Indian Sattriya dancer and choreographer

Jatin Goswami (born 2 August 1933) is an Indian dancer and choreographer, known as one of the most prominent exponents of the classical dance form of Sattriya. He is the founder director of Sattriya Akademi, Guwahati, a member of its Advisory Committee, and a former member of the General Council of the Sangeet Natak Akademi. He is also the founder of Alok Shilpi Sangha, a dance academy, and Pragjyoti Kala Parishad, a cultural organization, and is a recipient of the 2004 Sangeet Natak Akademi Award. The Government of India awarded him the fourth-highest civilian honor, the Padma Shri, in 2008, and the Padma Bhushan in 2025 for his contributions to Sattriya dance.

== Biography ==
Jatin Goswami was born on 2 August 1933 to Dharanidhar Dev Goswami and Chandraprova Devi at Adhar Sattra, a village near Dergaon in Golaghat district, in the Northeast Indian state of Assam. His early training in Sattriya was under his father but later, he trained under Gopiram Bayan and Babula Bayan, two known Sattriya masters, as well as Bishnuprasad Rabha, Dutta Muktiyar and Raseswar Saikia Barbayan at different points of time. In 1953, he established his own dance academy, Alok Shilpi Sangha, at his native place, but continued his dance training, learning Kathak from Ganesh Hiralal and Manipuri dance from Atomba Singh.

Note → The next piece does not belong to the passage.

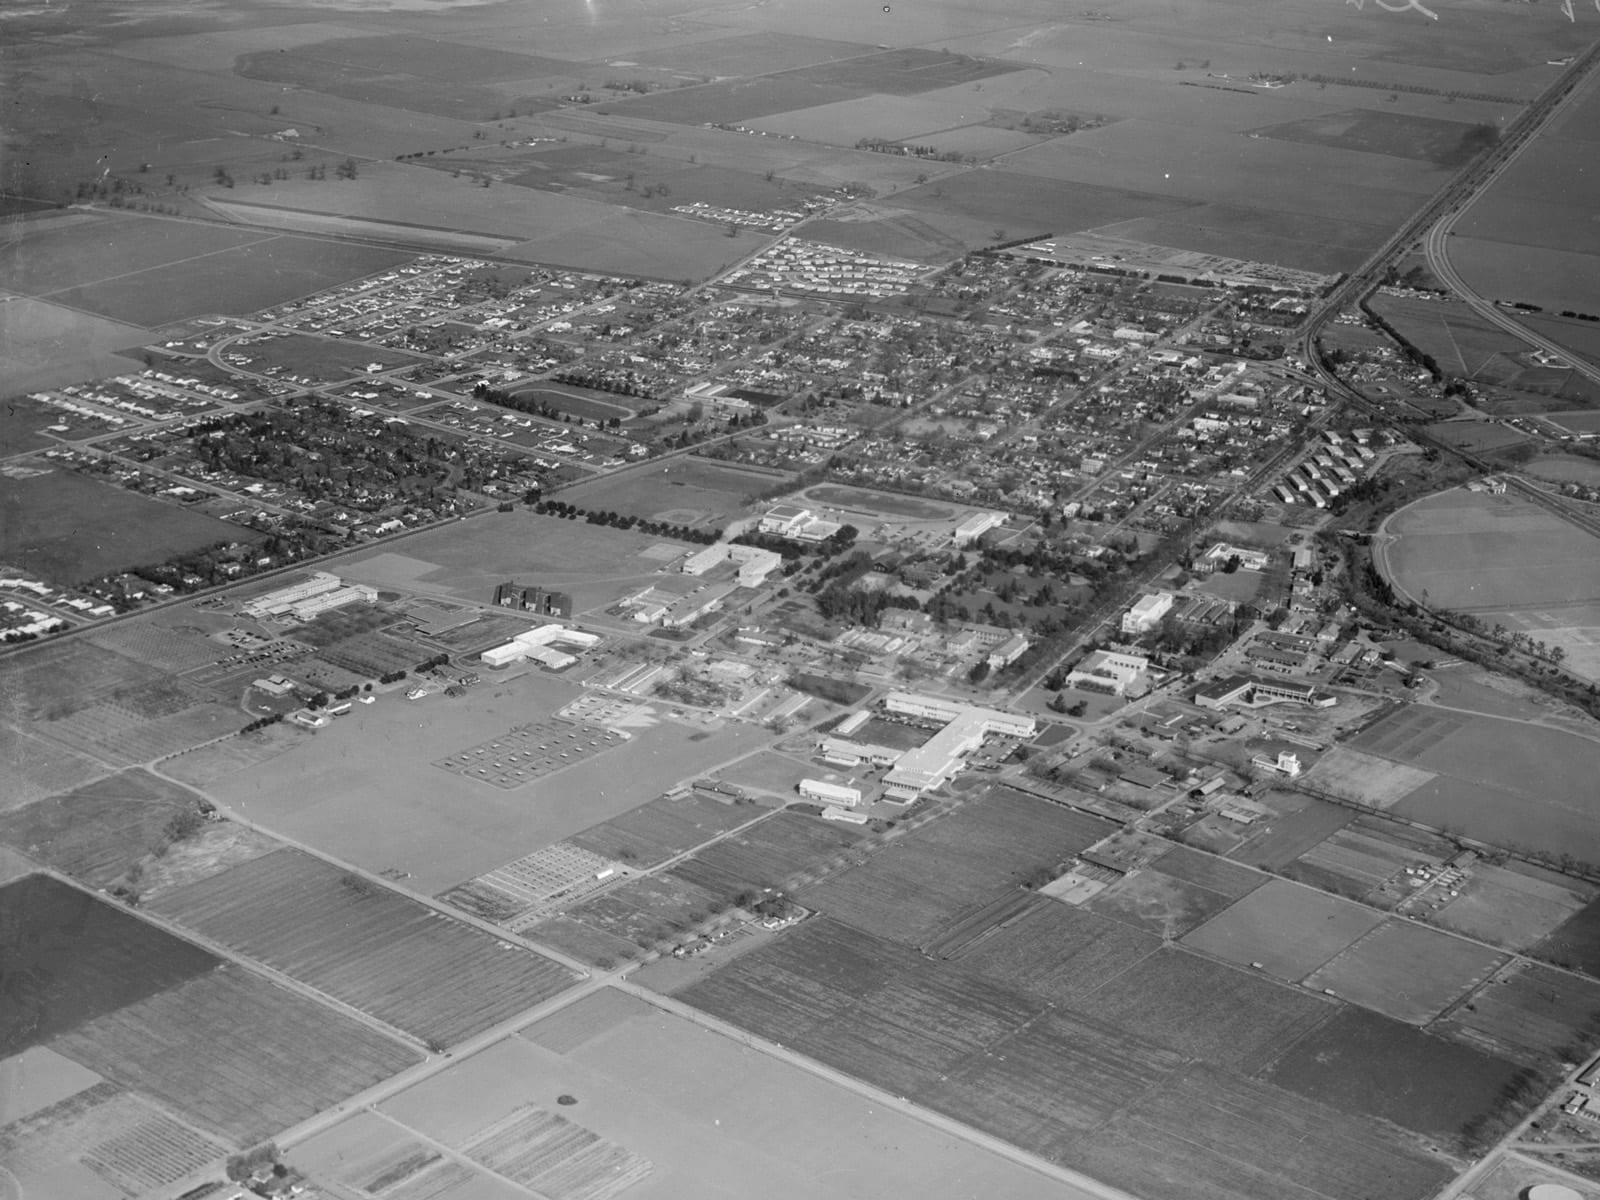 Aerial view of Davis, looking east, 1953

Turning his focus back to Sattriya, he founded Pragjyoti Kala Parishad, a cultural organization for promoting dance, in 1962, along with Kalaguru Bishnu Prasad Rabha and Roxeswar Saikia Barbayan. Goswami is known to be the only Sattriya performer to be engaged in conducting workshops and performances in various parts of the country. In 1994, he was nominated as a member of the General Council of the Sangeet Natak Akademi in 1994 and he contributed to the efforts in getting Sattriya declared as a classical dance form by the Akademi in 2000. He has performed in many places in India and abroad and is credited with the publication of five books on Sattriya viz. Maati Akhora, Nritya Paribhasik Sabda and Sangya, Jhumura Nach – Nadu Bhangee Nrityar Sikshya and Nrityar Prathamik Hasta Parichaya. When Sattiya Akademi was started in 2000, in Guwahati, under the aegis of the Sangeet Natak Akademi, he was appointed as the first director of the institution.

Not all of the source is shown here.